In the second argument, specify a pointer to the port number or service name string. For Linux, the service name is referenced via the NIS server or from the / etc / services file on the local host. In my environment, port number 8080 is open, so you can specify ./a.out 8080, but when you check / etc / services, 8080 is mapped to web cache as the service name. Therefore, even if you execute ./a.out web cache, the same specification will be obtained.

If AI_PASSIVE is specified in the 3rd argument, the NULL specification in the 1st argument corresponds to INADDR_ANY (IN6ADDR_ANY_INIT in the case of IPv6) that can receive connections from all NICs as in the legacy example. AI_PASSIVE will be described later.

Also, although it may be limited to glibc, it is implemented so that even if you pass the character string "\ *", it will be judged as NULL, so even if you specify "\ *", it will work in the same way. Although implemented so in the source code, it may not be versatile as it was not found at the documentation level.

The AF_INET and SOCK_STREAM specifications are the same as in the legacy example. It means IPv4 address system and stream type protocol = TCP, respectively.

I think that the specification of AI_PASSIVE is often used in combination with the first argument NULL. What is this? Specify when using the addrinfo structure to be completed in bind.

Since bind is a system call used when associating a socket with explicit address information, AI_PASSIVE acts as a flag for requesting the getaddrinfo function to complete the addrinfo structure for the server. .. A socket that listens for such a connection is called a passive socket.

Pass a pointer to the pointer of the addrinfo structure as the fourth argument. From here you can dereference and reference the pointer to the completed addrinfo structure. Since the library for allocating dynamic memory is used internally to allocate the memory area of the addrinfo structure, a memory leak will occur unless the area is released by the freeaddrinfo function whenever it is no longer needed. I will end up.

If there is an error, if you pass the integer that will be the return value to the gai_strerror function, a pointer to the character string that stores the corresponding error content will be returned, so that content is output to the standard error output.

Then we call the getnameinfo function, which is not necessary for the socket communication process itself. This function is used to refer to the host name (IP address) and service name (port number) from the address structure.

The first argument is a pointer to the socket address structure, the second argument is the size of the object, the third argument is a pointer to the buffer where the host name should be stored, the fourth argument is its size, and the fifth argument is the service.

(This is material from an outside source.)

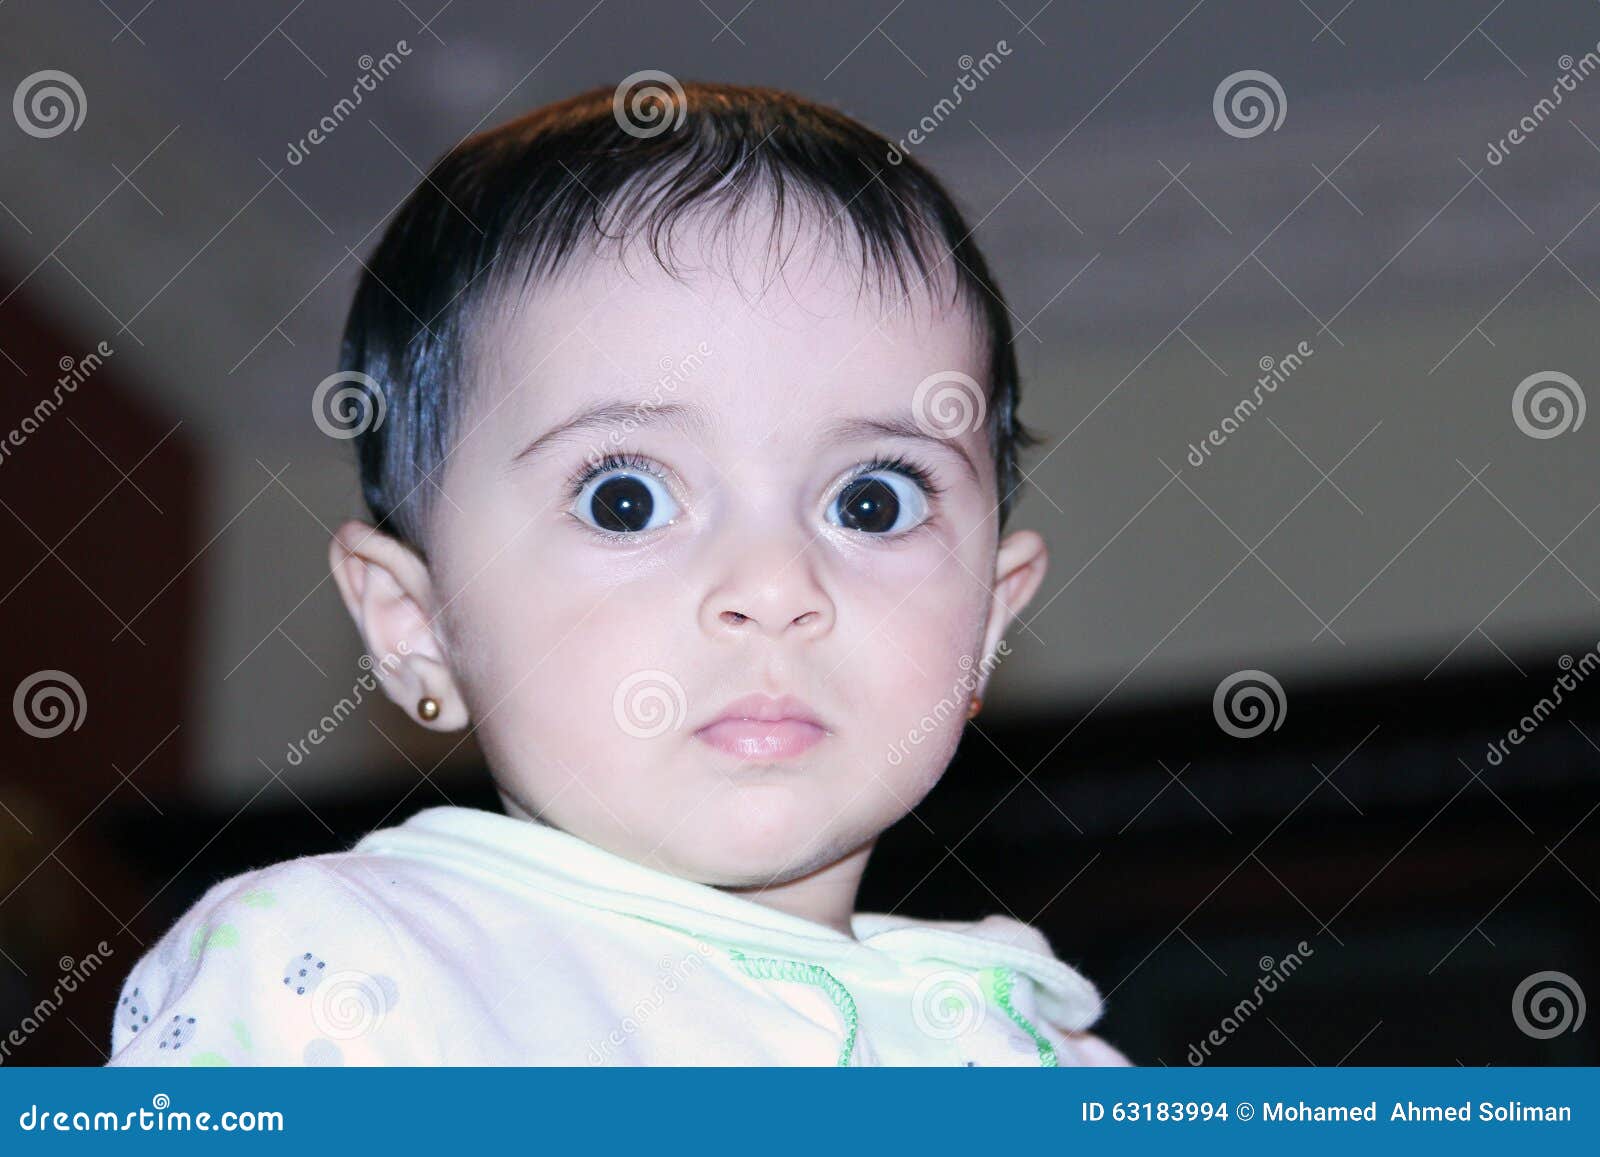 Arab baby girl staring stock photo. Image of baby, looking - 63183994

Specify a pointer to the buffer where the name is stored, its size in the 6th argument, and various flags in the 7th argument.

The size of hbuf is NI_MAXHOST, and the size of sbuf is NI_MAXSERV, and the area is secured. It is defined in .h.

In my environment

netdb.h


#  define NI_MAXHOST      1025
#  define NI_MAXSERV      32

It was.

The 7th argument sets the flags of NI_NUMERICHOST and NI_NUMERICSERV, but they are the flags to store the host name in numerical format and the service name (port number) in numerical format in the buffer, respectively.

If you run it as ./a.out 8080,

port is 8080
host is 0.0.0.0

Is displayed.

Then make a socket system call to create the socket. In the legacy example, the three values passed as arguments specified constant literals, but in the modern example, the required values are stored in the members of the acquired addrinfo structure, so use them. To create. This allows you to write programs that are address family independent.

By the way, as a socket process, create a socket structure that internally specifies protocol information, store the pointer to the created file object in the member that stores the pointer to the file object, and finally fd_install the file object. It will be the flow of doing.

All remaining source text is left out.